Some of what helps Powers navigate this familiar ground is a bit of self awareness. I’m glad that Deena points out the fact that she permanently walks around (as a detective, mind you) with her midriff exposed because it at least shows that Bendis and Oeming know that it’s an impractical and nonsensical costuming choice. Some references to well-known comic properties, including a man in red power armor which is, as is explained in great detail, composed of iron of some sort, also help back Powers off the edge of taking itself too seriously. And sometimes that’s enough to get me to forgive its excessive dialoguing (or, even worse, soliliquizing) and stock charactersOther times, though, I’m getting info dump through news report and thinking that Powers, while a good read that I will recommend, is not the most carefully crafted book out there. It works. I like it. I’ll be reading the next volume shortly, and I can definitely see how someone would look at Powers’ mix of easily identifiable themes and striking visuals and say “how do we get this on a TV-like thing?” because it certainly has mass appeal.

 

powers 1

Black is the new black.

 

Andy: I think its important that you bring up the fact that this reads differently now than it did when published. It was less than 15 years ago, but you’re absolutely correct that this makes a big difference. When this book came out it actually felt pretty fresh. It think that the wider television world is primed for this kind of reading.
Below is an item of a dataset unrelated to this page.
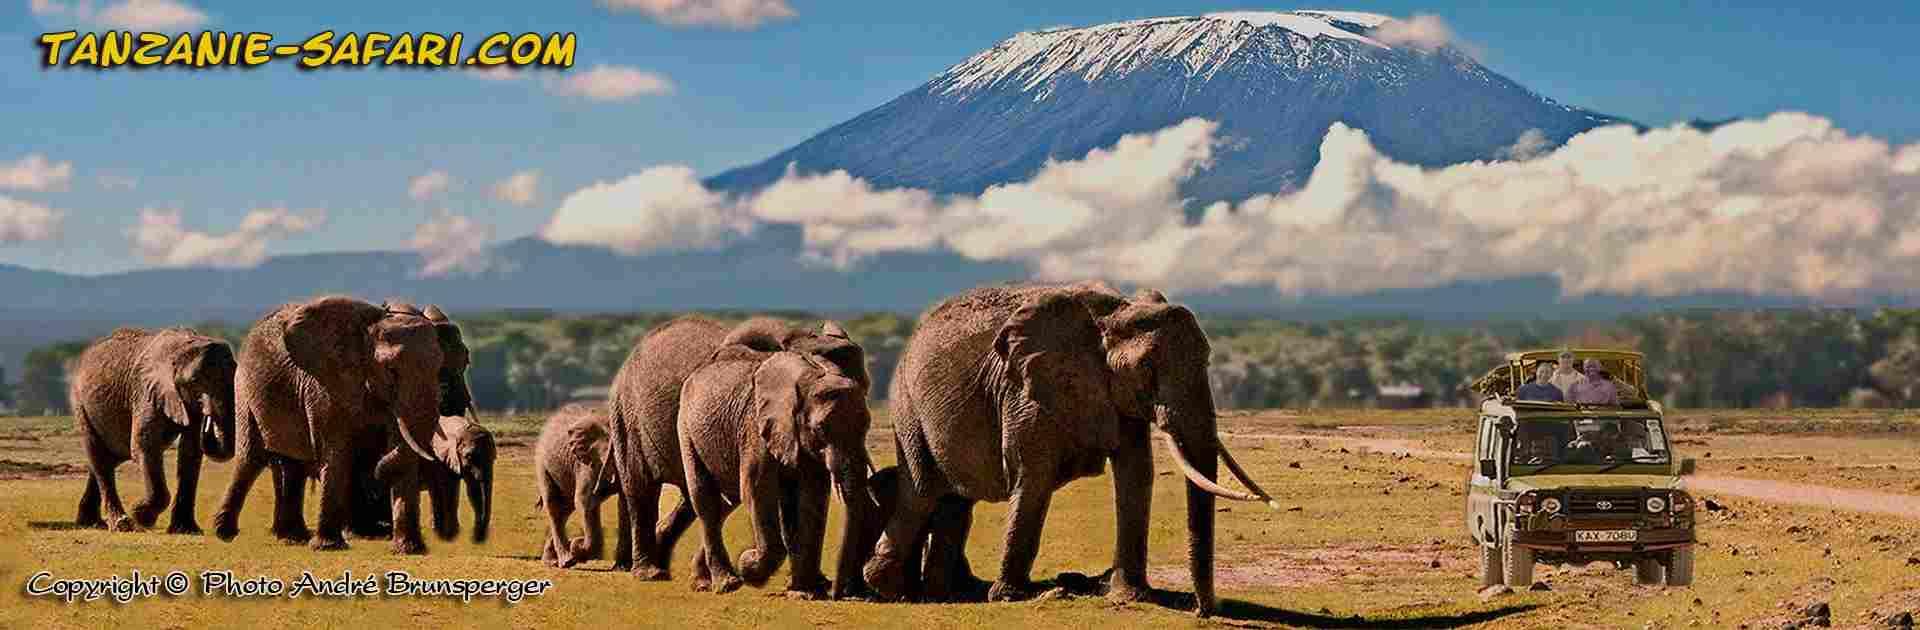 Voyage Tanzanie. Eléphants devant le mont Kilimandjaro le soir Tanzanie
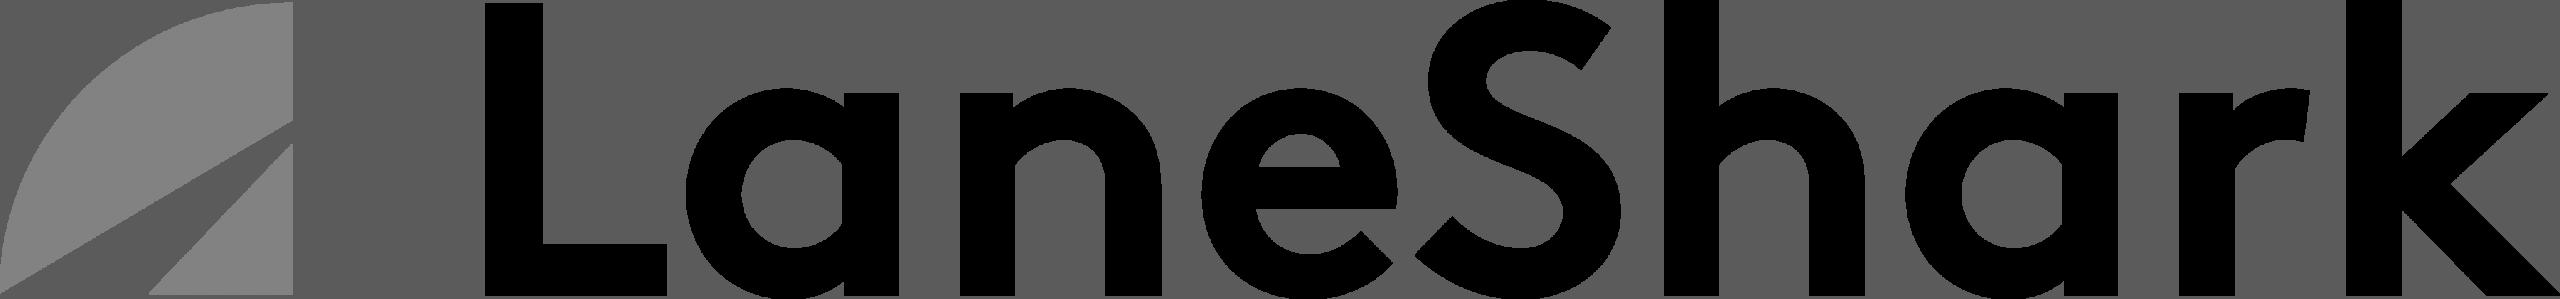 lane shark logo

Between the massive superhero blockbusters, Heroes, and Alphas, American cinema has just about saturated itself with stories that feature superpowers. Its probably the right time to feature something that takes a different point of view.

I also think that the primary weakness of the book is Bendis’ wordiness. Its a problem that infects most of his other writing. (And has been endlessly frustrating in his current work on X-Men.) It actually is at its most effective here, in a procedural, since we aren’t expecting fist fights every few pages.

It raises the question of what words are necessary. Obviously dialogue that announces what’s already on the page is no good. But in the past 30 years thought balloons and captions have also fallen out of favor. Both style have their benefits, but are prone to overuse by writers like Bendis.

 

Eric: So that’s that; the Scheme Team endorses the first volume of Powers. I’m interested to see what kind of television gets created with Powers as the driving force, as it’s a property which, as you mentioned, is not rife with fist fights and other things that the masses might expect from a comic book.